Distribution Metrics

ACV (All Commodity Volume) metric.

ACV measures total dollar sales across all products in a set of stores, expressed in millions ($MM).

`Acv`

Calculates ACV (All Commodity Volume) for a set of stores.

ACV represents total dollar sales across all products, expressed in millions ($MM). NaN values in the spend column are excluded from the sum.

Results are accessible via the table attribute (ibis Table) or the df property (materialized pandas DataFrame).

Parameters:

Name	Type	Description	Default
`df`	`DataFrame \| Table`	Transaction data containing at least a unit_spend column.	required
`group_col`	`str \| list[str] \| None`	Optional column(s) to group the ACV calculation by (e.g., store_id). Defaults to None for total ACV.	`None`
`acv_scale_factor`	`float`	Factor to scale the ACV result (default is 1,000,000 for $MM).	`1000000`

Raises:

Type	Description
`TypeError`	If df is not a pandas DataFrame or an Ibis Table.
`ValueError`	If required columns are missing from the data or if acv_scale_factor is not positive.

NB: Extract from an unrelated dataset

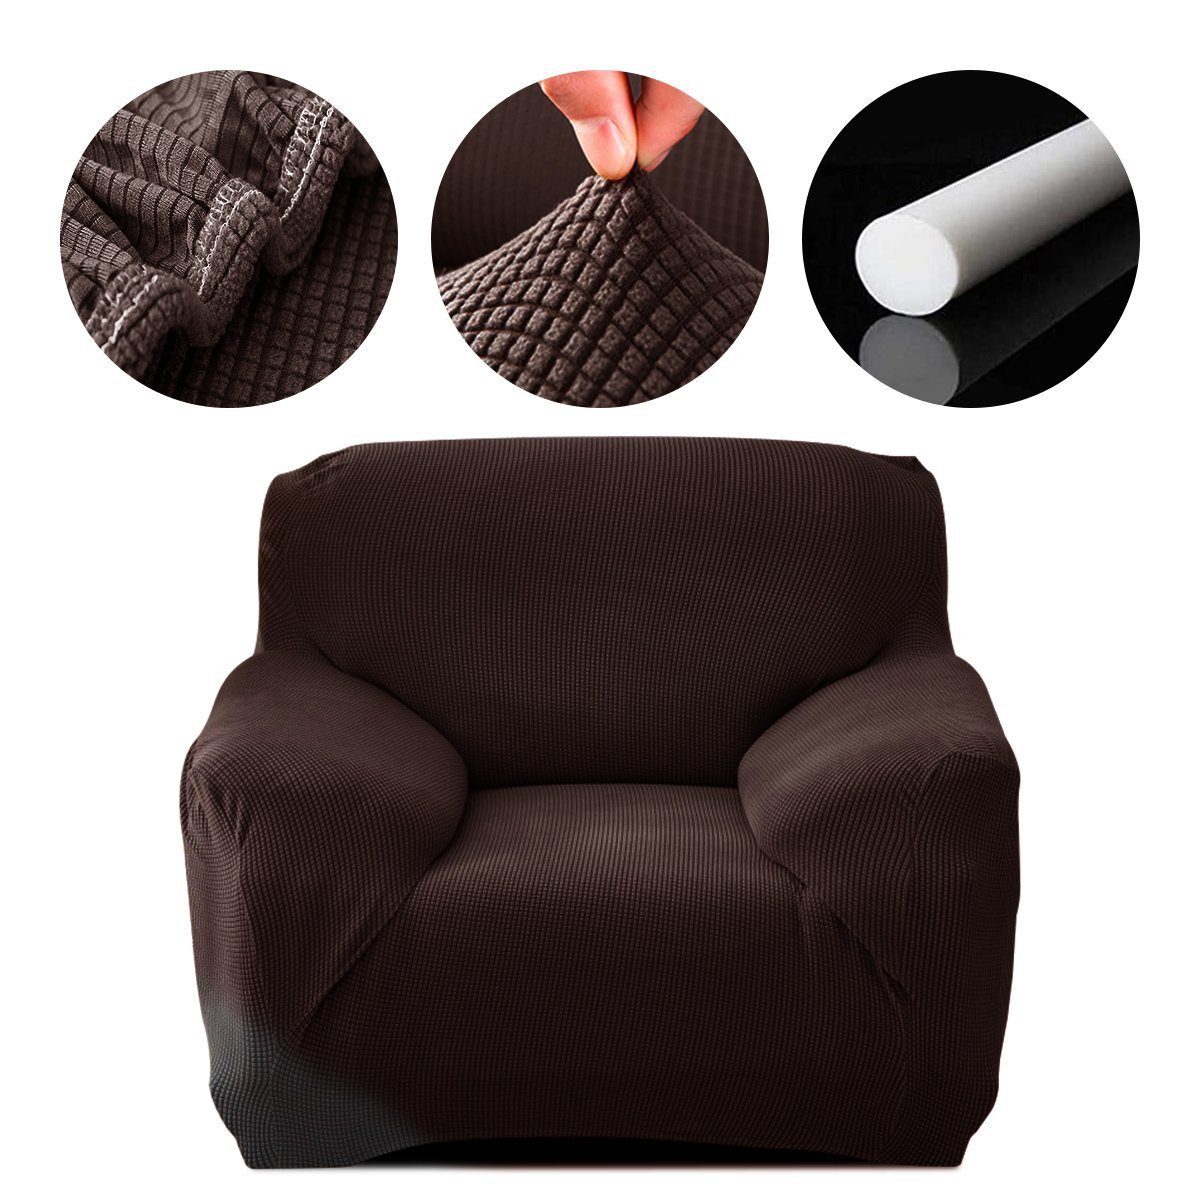 Sofahusse Sofahusse Stretch Sofa Abdeckung mit Elastische, MULISOFT, Sofabezug 1/2/3/4 Sitzer Stretch Schonbezug Couchbezug

Source code in openretailscience/metrics/distribution/acv.py

class Acv:
    """Calculates ACV (All Commodity Volume) for a set of stores.

    ACV represents total dollar sales across all products, expressed in millions ($MM).
    NaN values in the spend column are excluded from the sum.

    Results are accessible via the `table` attribute (ibis Table) or the `df` property
    (materialized pandas DataFrame).

    Args:
        df (pd.DataFrame | ibis.Table): Transaction data containing at least a unit_spend column.
        group_col (str | list[str] | None, optional): Optional column(s) to group the ACV calculation by
            (e.g., store_id). Defaults to None for total ACV.
        acv_scale_factor (float, optional): Factor to scale the ACV result (default is 1,000,000 for $MM).

    Raises:
        TypeError: If df is not a pandas DataFrame or an Ibis Table.
        ValueError: If required columns are missing from the data or if acv_scale_factor is not positive.
    """

    def __init__(
        self,
        df: pd.DataFrame | ibis.Table,
        *,
        group_col: str | list[str] | None = None,
        acv_scale_factor: float = 1_000_000,
    ) -> None:
        """Initializes the ACV calculation."""
        self._df: pd.DataFrame | None = None
        self.table: ibis.Table

        df = ensure_ibis_table(df)

        if acv_scale_factor <= 0:
            raise ValueError("acv_scale_factor must be positive.")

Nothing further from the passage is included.